Blood Test Results May Be Excluded From Evidence

Though California law enforcement agencies have long engaged in the practice of demanding blood draws from DUI arrestees without a warrant - at times even forcibly taking the blood by strapping suspects in a chair or holding them down on the ground - that practice may soon be deemed unconstitutional.

Earlier this month, the United States Supreme Court heard oral arguments in the case of Missouri v. McNeely . The legal issue presented is “whether a law enforcement officer may obtain a nonconsensual and warrantless blood sample from a drunk driver under the exigent circumstances exception to the Fourth Amendment warrant requirement based upon the natural dissipation of alcohol in the bloodstream?"

In layman terms, the question is whether such warrantless invasions of the body are allowed on the basis that alcohol, once absorbed and distributed in the body, begins to eliminate (i.e., “burn off").

The Supreme Court of Missouri held that law enforcement agencies may not do so where the opportunity exists for them to quickly apply for a warrant. Warrants may be obtained telephonically, so the delay is generally short if a magistrate is available and the police are not delayed by unusual circumstances.

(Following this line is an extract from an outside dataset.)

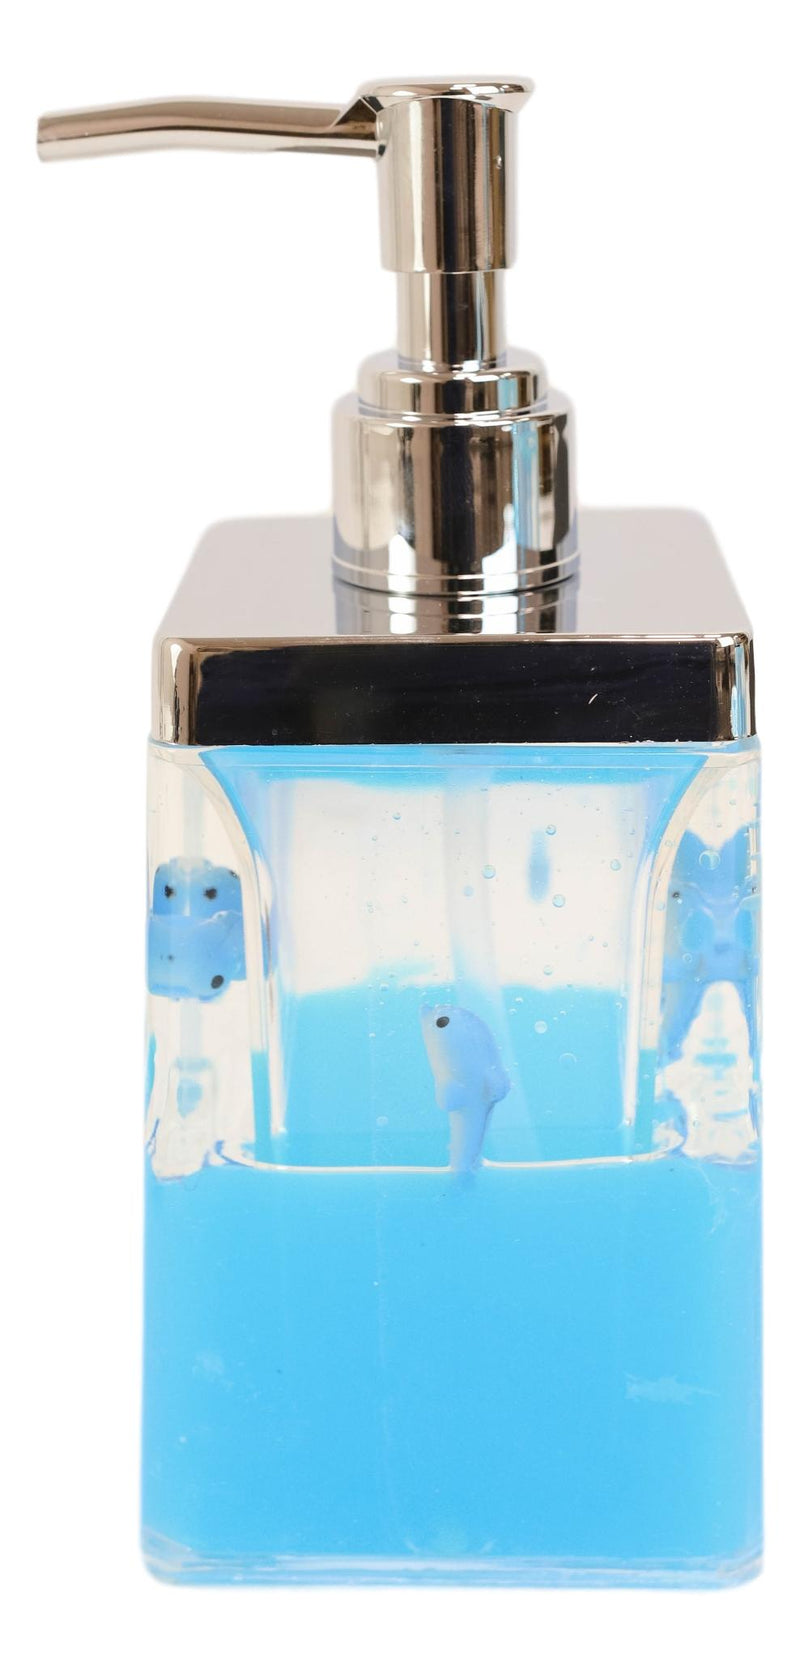 Nautical Marine Blue Dolphins 5 Piece Chic Bathroom Vanity Accessories Gift Set

The prediction here is that the high Court will deem routine warrantless blood draws in connection with drunk driving arrests to be unconstitutional unless the suspect is at least offered an opportunity to provide a breath sample instead. If drug use is suspected, law enforcement officers will need to first obtain a warrant unless there are unusual circumstances justifying an exception to the warrant requirement.

Expect a decision by this summer, and in the meantime, make sure your DUI defense attorney is aware of the possibility that blood-alcohol test results may be excluded from evidence if the decision affirms the Missouri Supreme Court’s ruling.